As it currently stands, rapid intensification has been observed in about 80% of all major hurricanes in the North Atlantic “and nearly all category four and five hurricanes,” the National Oceanic and Atmospheric Administration (NOAA) said earlier this year.
(Excerpt) Read more at thehill.com ...
No.
Never get your science from the press.
Uh, no. Doesn’t anyone remember Camille? Thinking it was pre glowbull warming hysteria. I got back to the Waveland/Bay St Louis are two days after it hit. Pretty intense storm.
......Are hurricanes intensifying more rapidly than ever before?....
No.
Nor are hurricane more numerous.
Well, this one did, but that’s just this one.
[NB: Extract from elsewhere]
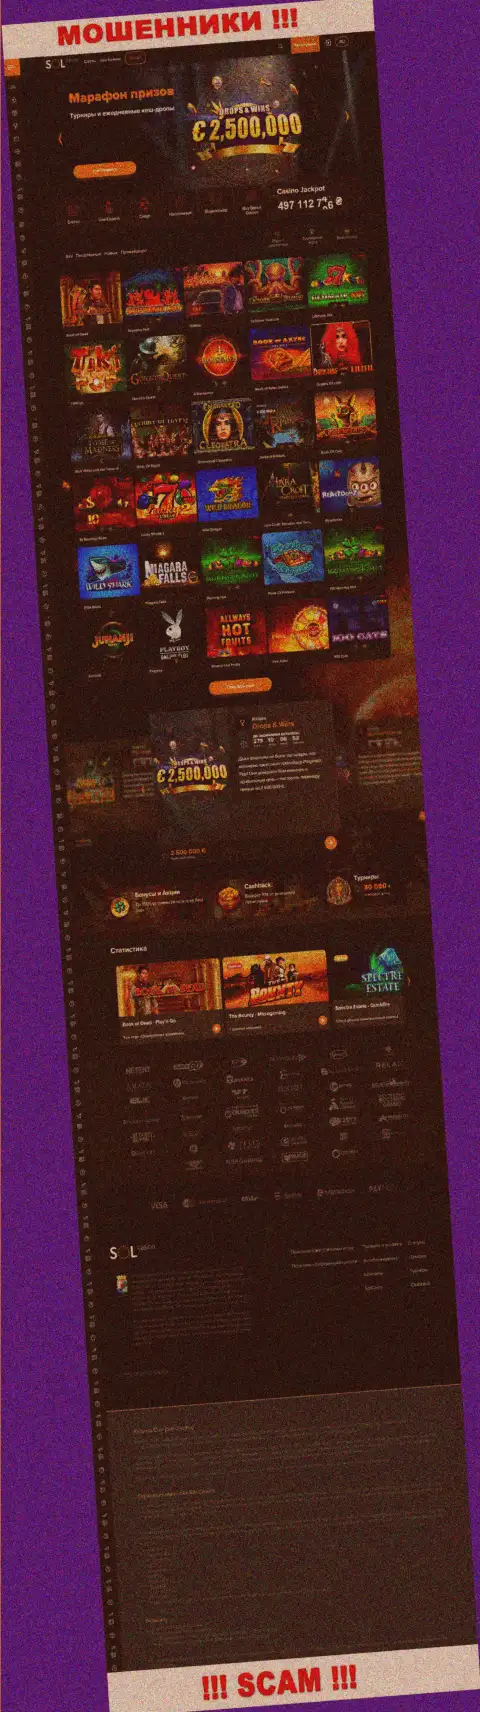 Основная страница официального web-сервиса мошенников Sol Casino

And anyway, if they are, maybe it’s time to think about God again. He oversees the whole show anyway.
1950s has the most hurricanes on record for any decade.
No.
1916 Charleston hurricane
Similar type of Hurricane to hit Asheville in 1916.
Damn you, Dick Cheney!
I was having this discussion earlier today, the first weather satellite went up in space sometime around the 1960s, prior to that for those hurricanes that never came near the mainland US, we didn’t know how many hurricanes formed during any one year.
The data shows no trend in increasing intensity overall nor in the number of major hurricanes or storms in general. The data can be seen here
https://tropical.atmos.colostate.edu/Realtime/index.php?arch&loc=global
Just note that the graphing script repeats the data on the horizontal axis. I contacted Prof Klotzbach and they are working on the programming glitch.
I know one thing, So far this new one has made a U turn and is heading back towards the Mexican Yucatan. It has not headed towards Florida once yet since it started. I have been documenting it. They keep moving the “path” around a LOT to try and make it hit Florida but it is not working yet. Reality is we don’t know yet.
What about hurricanes in 1639? 1540? 1123?
We have NO IDEA what hurricanes were like or the impact or severity or frequency before we started measuring. How can anyone say things have never been more frequent and destructive?
We simply do not know.
Before what?
No, they are not.
This kind of nonsense could serve to not take dangerous conditions as seriously by engaging in hyperbole like this.
This is like that one storm a few years ago where they did headlines with “Category 6?” and the storm was a Category 1 when it made landfall.
No.
Hurricanes intensify mostly when they are over warm water, over 80F. The warmer the water, the more hurricane fuel.
This season was pratty quiet until Helene, so the Gulf waters never got stirred up and cooled off. Temperatures like this are hurricane rocket fuel. It happens.
Add to that favorable conditions aloft that favor the development of hurricanes, and this is what you get.
The Gulf coast has been spared MANY times over the decades. Statistically, it was bound to catch up to them some time.
And no, it’s not weather modification any more than it’s *climate change*.
If the answer were “yes”, would they have framed the headline as a question?
If you get away from fearmongering, the real science predicts that, if there is global warming, there shall be less hurricanes.
In Earth history (and there is science behind that!) every time it got warmer, the hurricanes abated.
The Earth warming in general affects mostly temperatures around poles and in the moderate belt.
Tropics climate does not change.
(see Venus, she is the ultimate green house, her temperatures are staggeringly huge, but the difference between equator and poles is practically nil)
So the temperature gradient between warm and colder zones gets lower. Hurricanes are triggered by this gradient.
That there is no decrease of hurricanes testify to the fact that there is hardly any warming!